Design your leadership team with the same rigor you'd apply to any strategic initiative. Purpose defines membership, membership enables norms, and norms require accountability.

Interdependence Architecture

The ultimate test of executive team design is whether genuine interdependence exists among members. Without interdependence, you have a working group that shares information, not a team that creates collective value. Building interdependence requires structural intervention, not just behavioral aspiration.

Goal interdependence comes first. When executives are evaluated and compensated primarily on functional performance, they will optimize for functional outcomes regardless of what they say in leadership meetings. Creating genuine team behavior requires goals that can only be achieved through cross-functional collaboration. This means a meaningful portion of executive compensation should depend on enterprise outcomes that no single function controls.

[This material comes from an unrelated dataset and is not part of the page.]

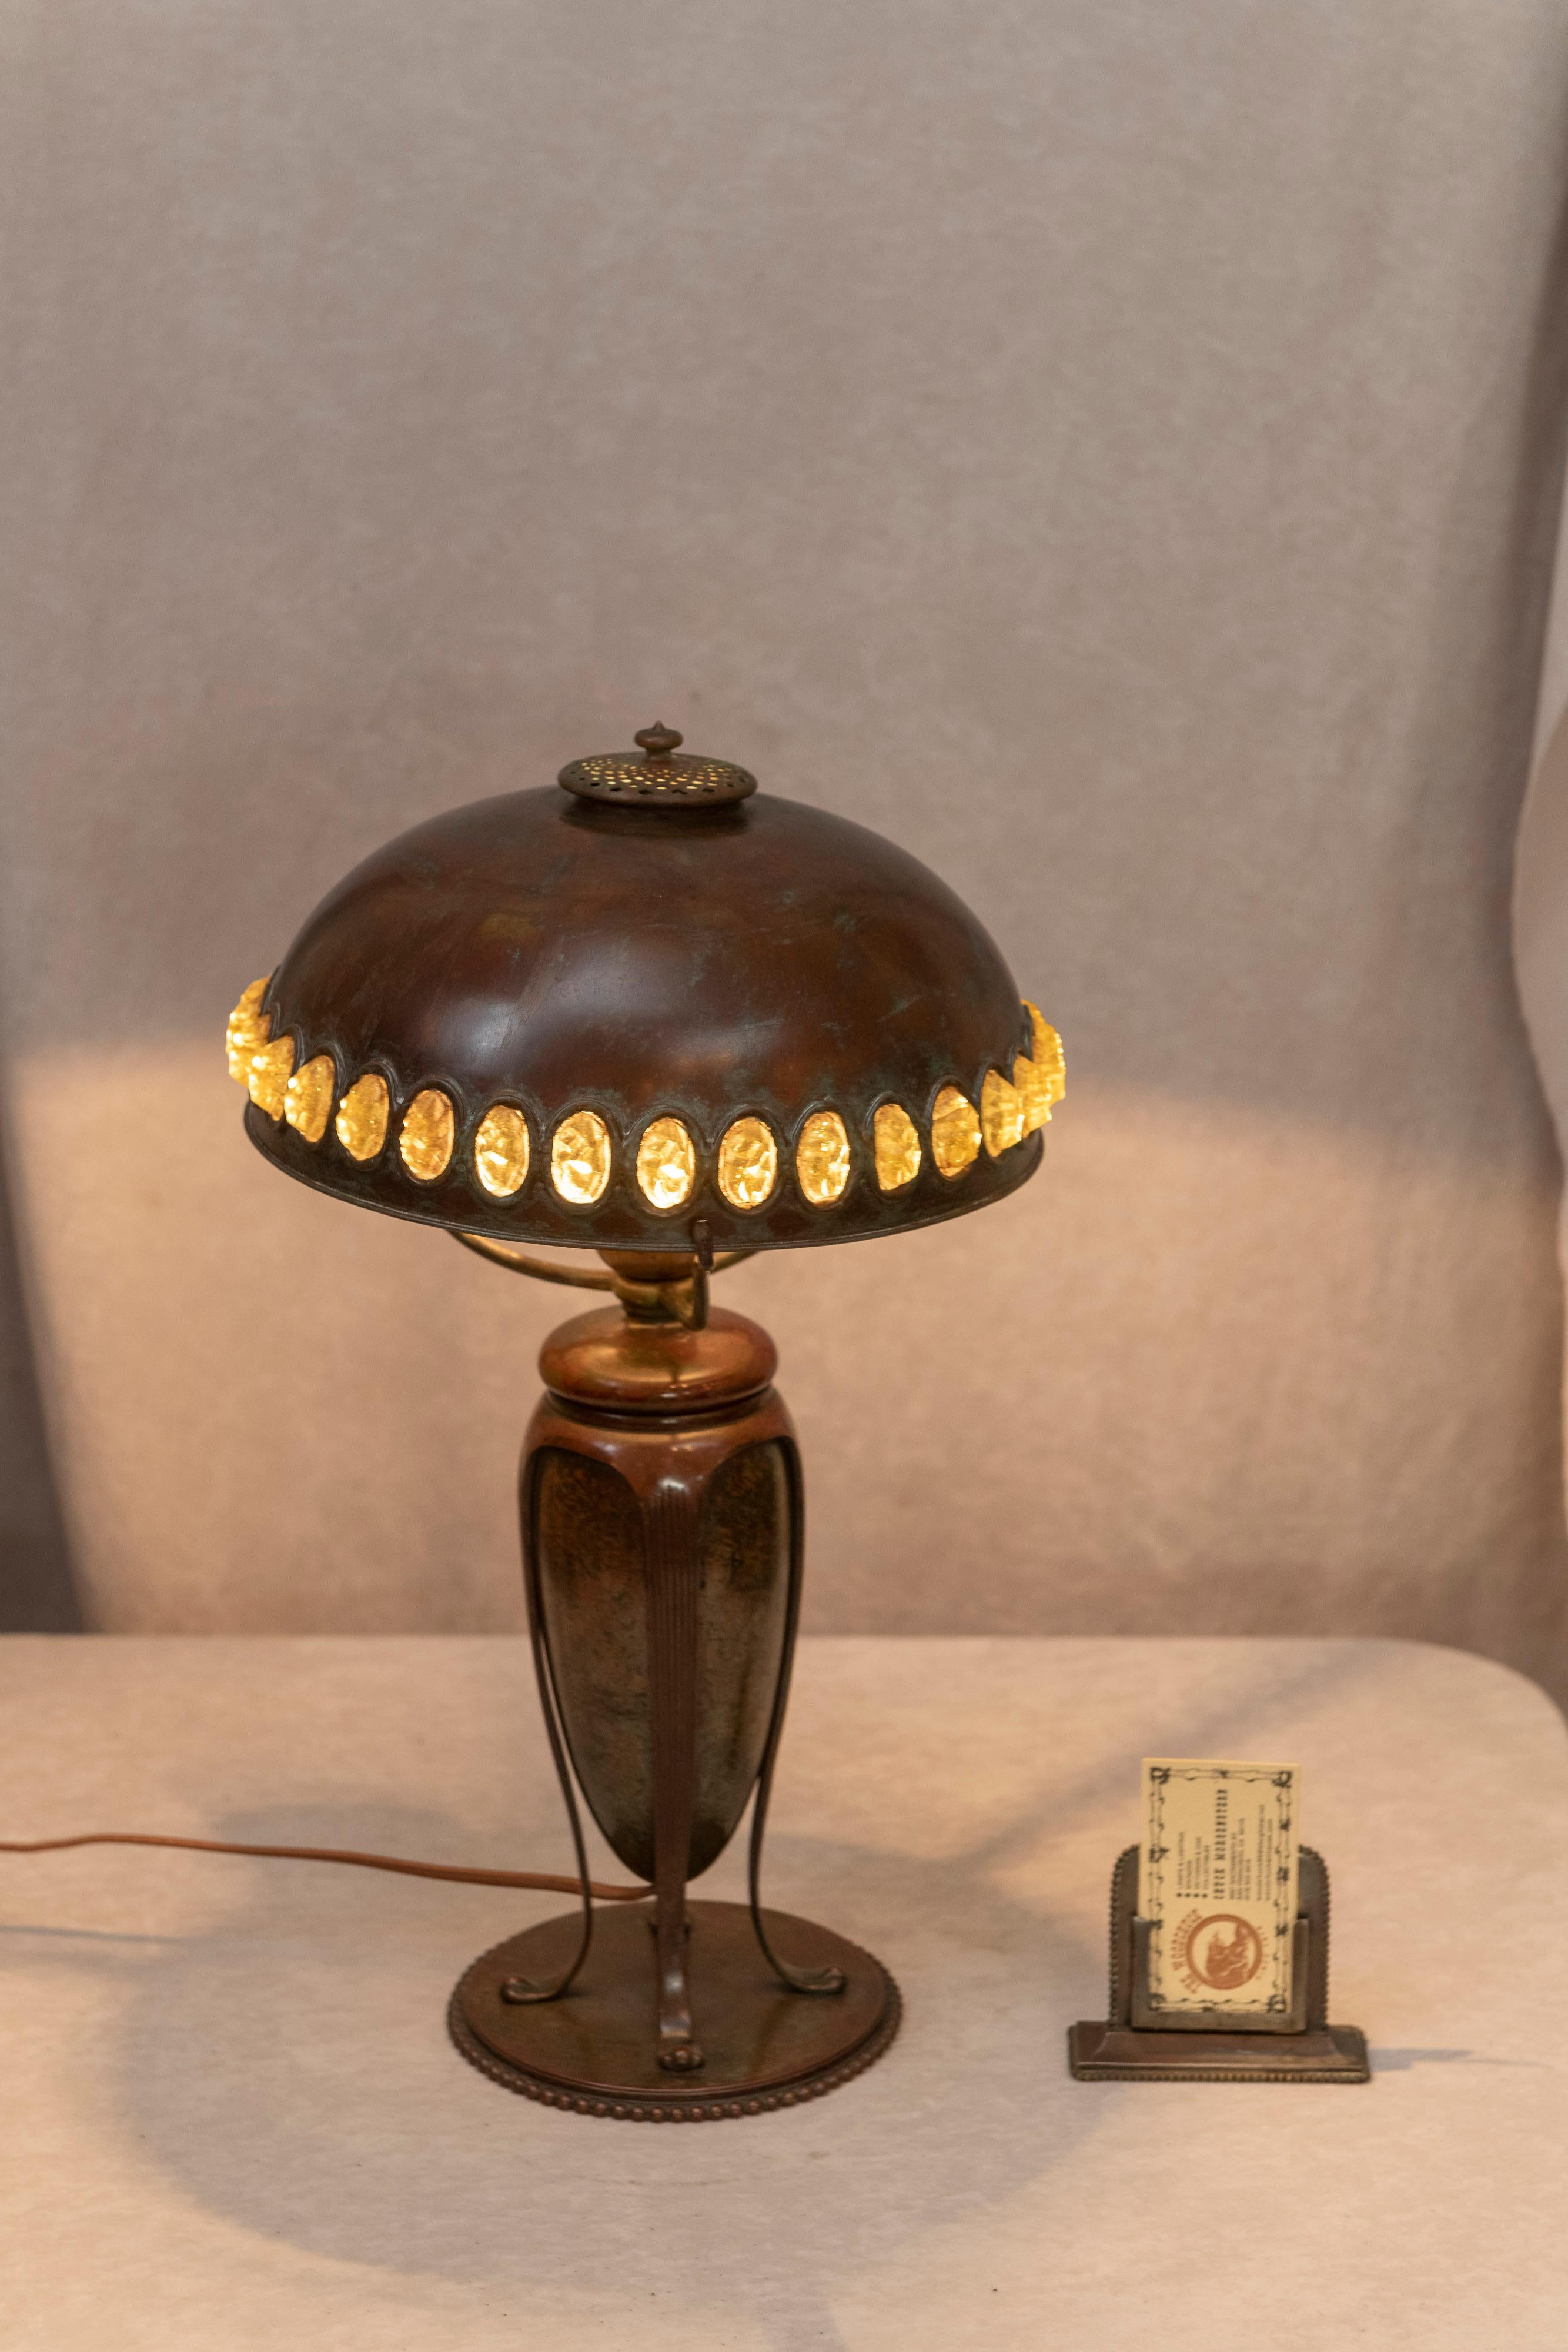 This very handsome lamp was done by the master lamp maker, Tiffany Studios. Rich brown patina and exotic jewels in the shade, and all in bronze make for a great package. An unusual and high quality lamp.

Resource interdependence amplifies the effect. When the executive team collectively allocates capital, talent, and strategic attention rather than each function receiving a predetermined budget, leaders must engage genuinely with enterprise trade-offs. This creates productive tension that surfaces strategic assumptions and forces real debate about priorities.

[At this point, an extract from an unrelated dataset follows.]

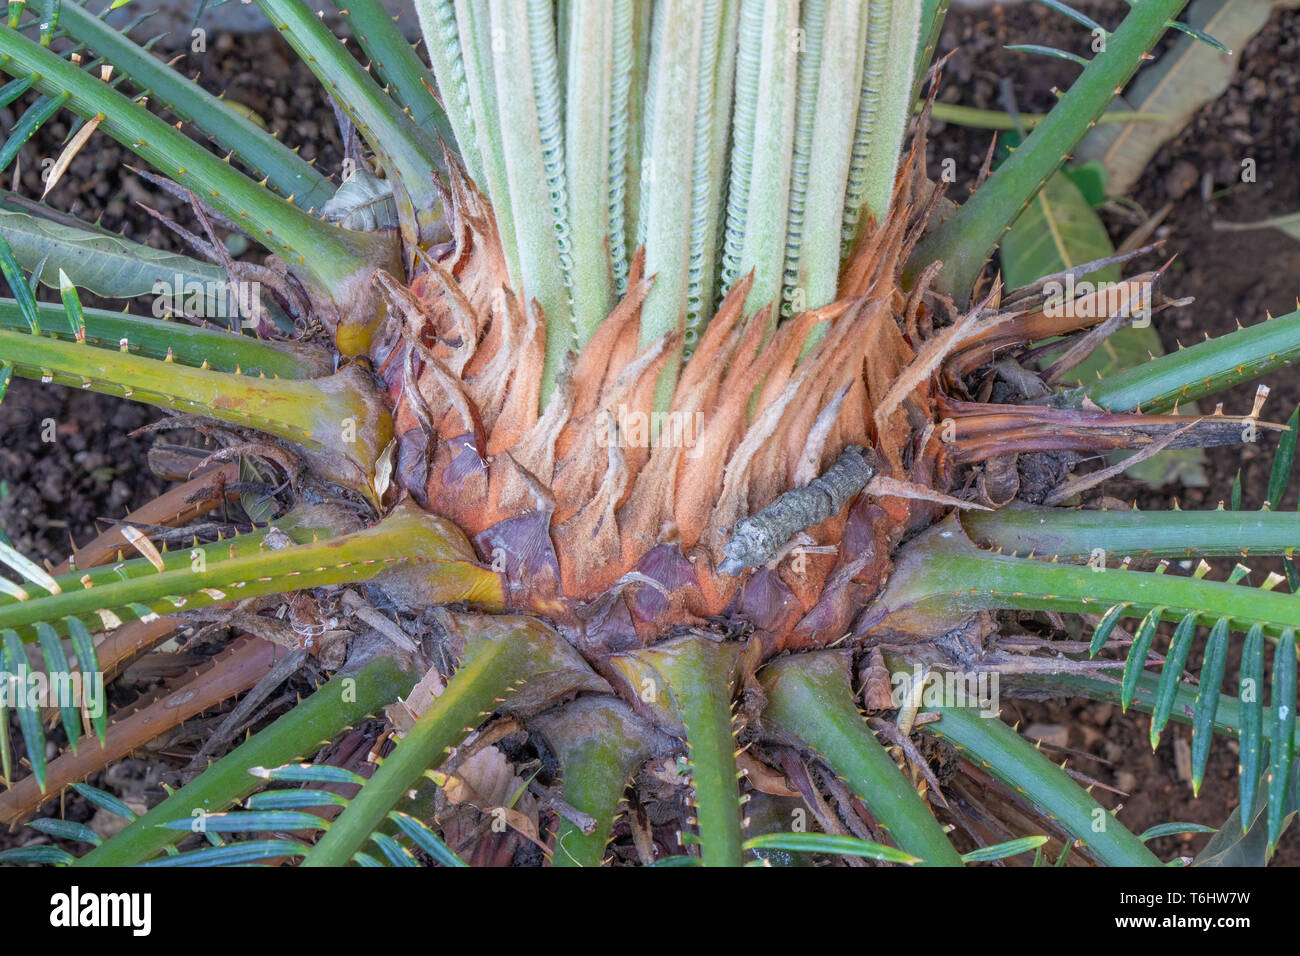 SAGO Palm, Cycas plant bud cones converting into new leafs Stock Photo

Information interdependence completes the structure. Most executive teams operate with significant information asymmetry—each member knows their function deeply but understands peer functions superficially. This asymmetry undermines collective decision-making because members can't meaningfully evaluate proposals outside their expertise. Effective teams create mechanisms for deep cross-functional understanding, including executive rotations, immersive functional deep-dives, and joint problem-solving on complex challenges.

The combination of these interdependencies fundamentally changes team dynamics. When my success depends on your success, helping you becomes self-interested rather than charitable. When we jointly allocate resources, I must understand your needs as well as my own. When I comprehend your challenges deeply, I can contribute meaningfully to your decisions. This interlocking structure transforms parallel individual achievement into genuine collective performance.

Takeaway

Interdependence isn't a feeling to cultivate—it's a structure to build. Align goals, share resource decisions, and create information flow that makes collaboration essential rather than optional.

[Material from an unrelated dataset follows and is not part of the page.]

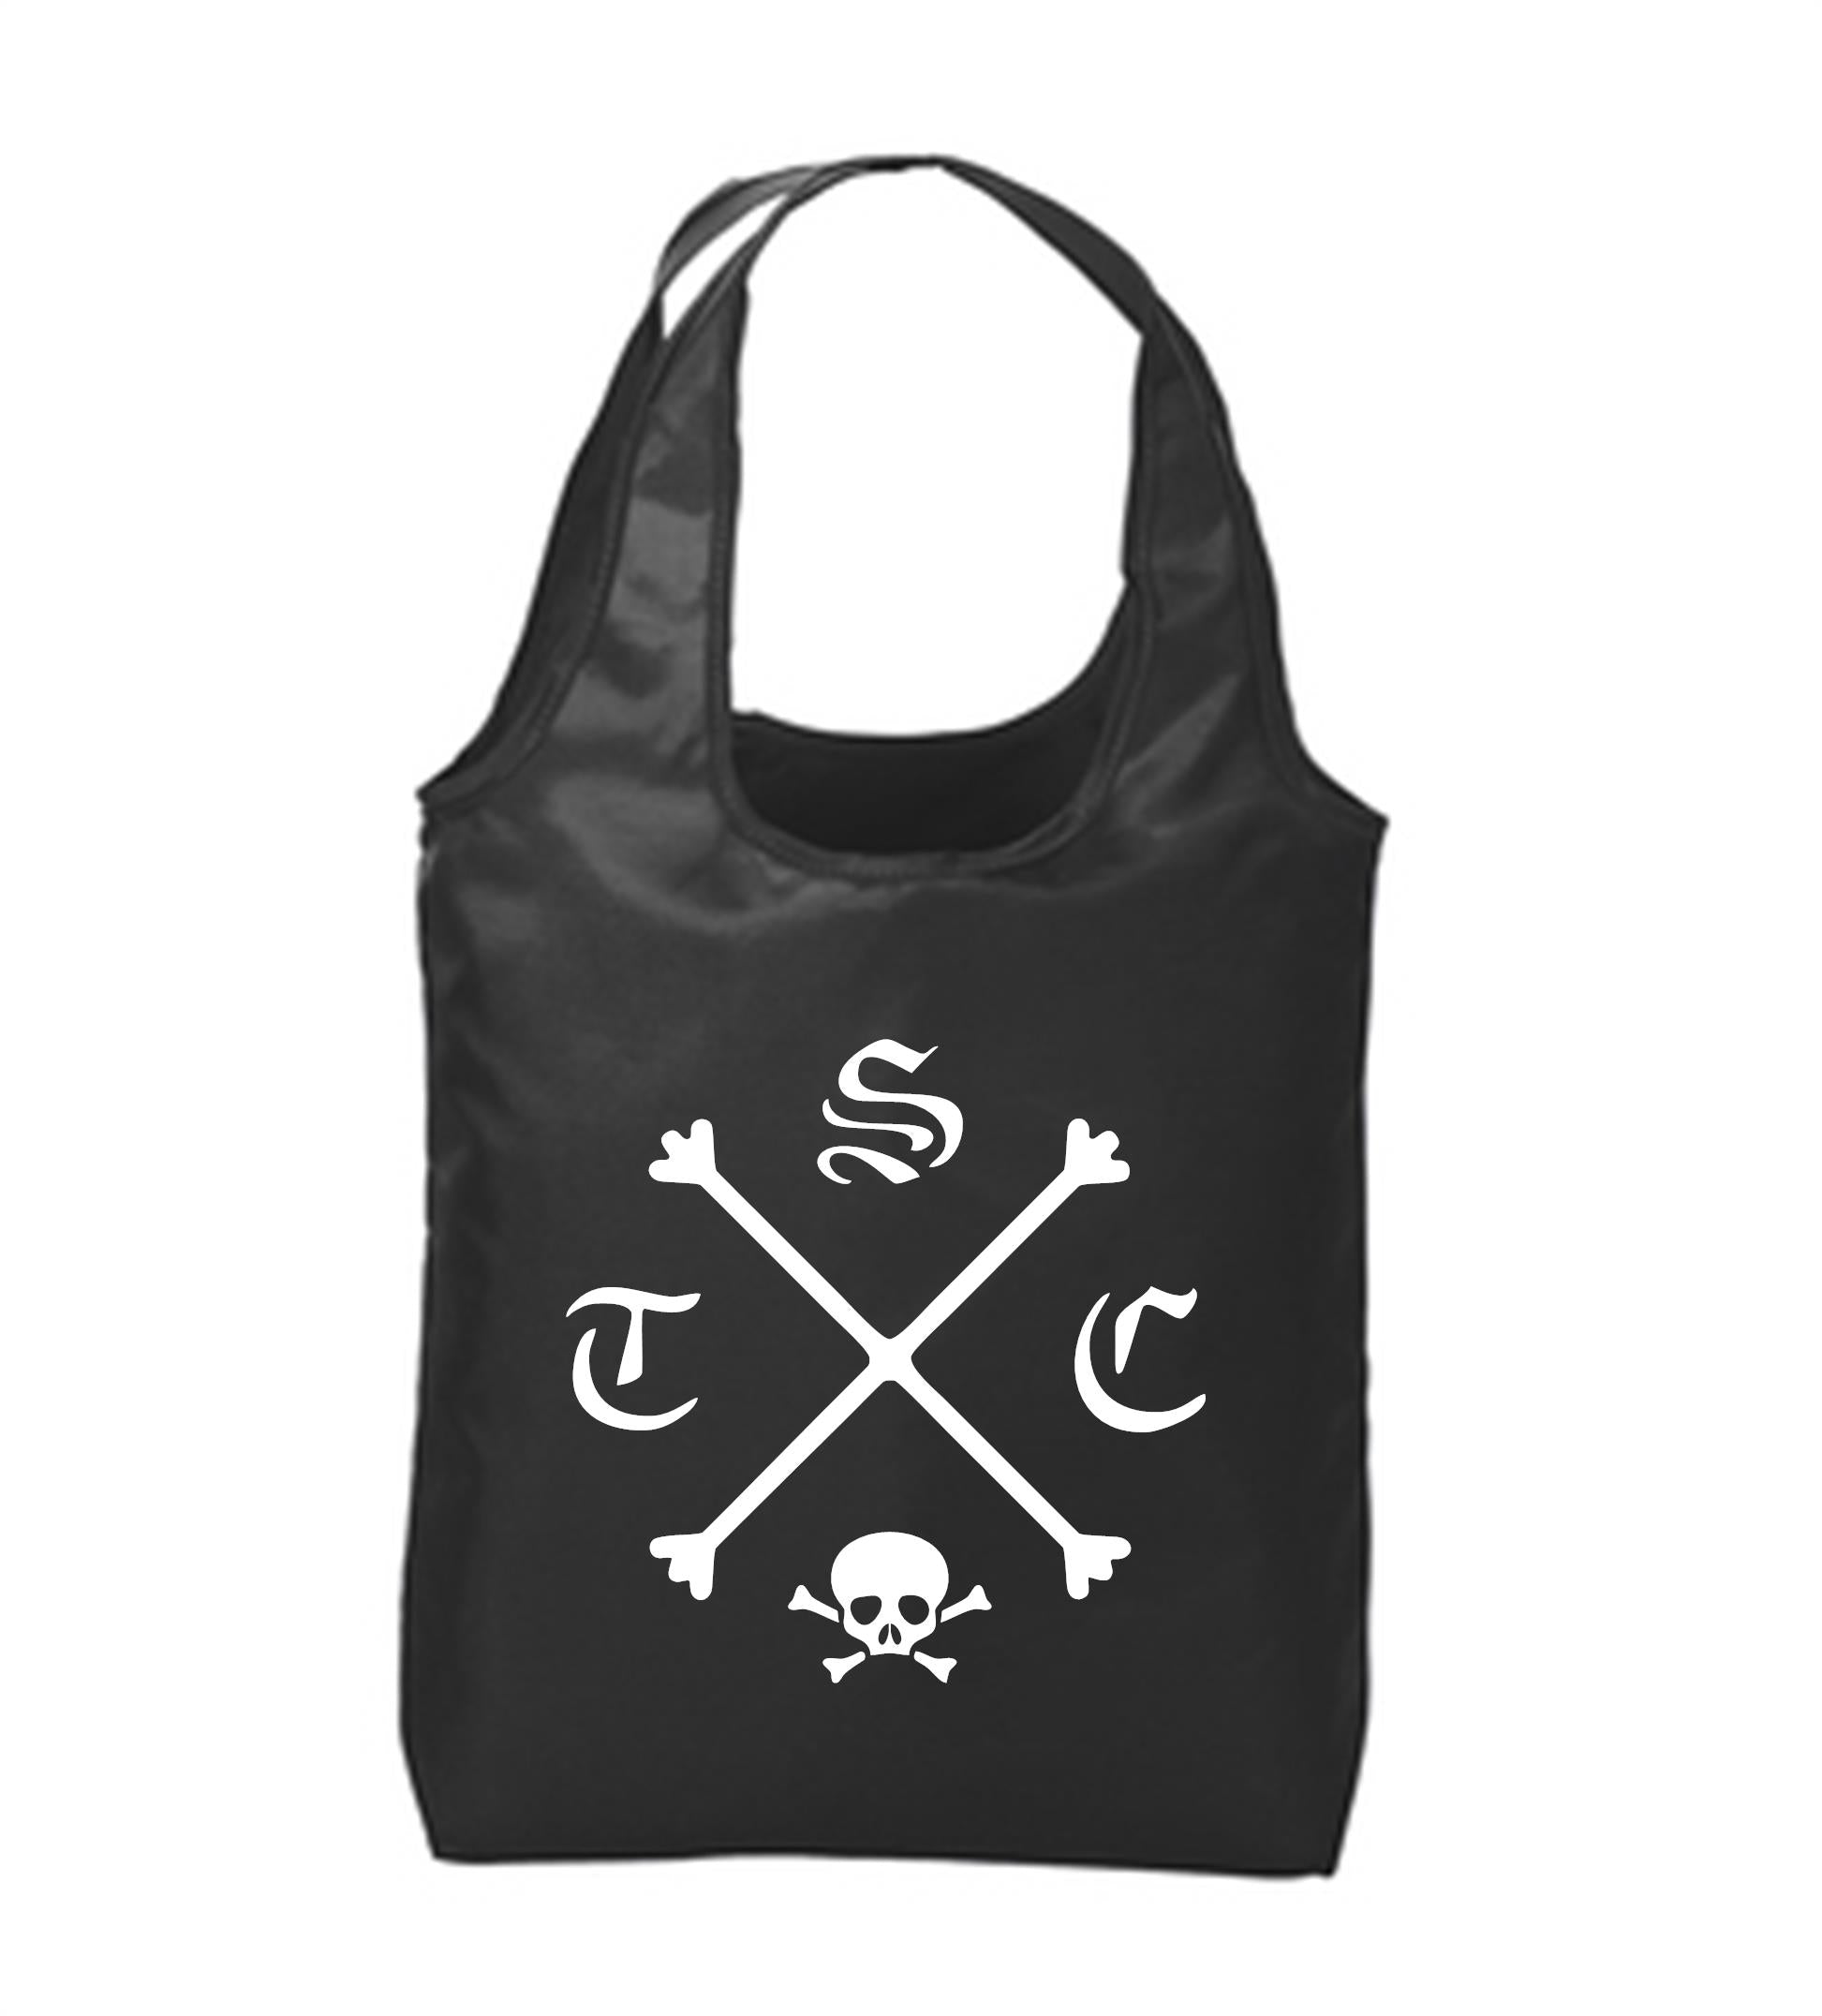 STC Shopping Tote

The gap between your leadership team's potential and its performance isn't mysterious. It's structural. You've likely assembled excellent individual leaders but failed to create the conditions for collective excellence. The aggregation fallacy, absent operating system design, and insufficient interdependence explain most of the underperformance you observe.

Addressing this requires leadership courage. You'll need to shrink the team, clarify its genuine purpose, redesign compensation to reward collective outcomes, and fundamentally change how the team spends its time together. These changes will surface resistance because they threaten existing power arrangements and comfortable patterns.

The prize justifies the disruption. A leadership team that genuinely performs as a team—accessing collective intelligence, making integrated strategic decisions, moving in coordinated execution—represents an organizational capability most competitors cannot match. It transforms enterprise strategy from a document into a living practice. This is the executive team your organization needs. Building it is your responsibility.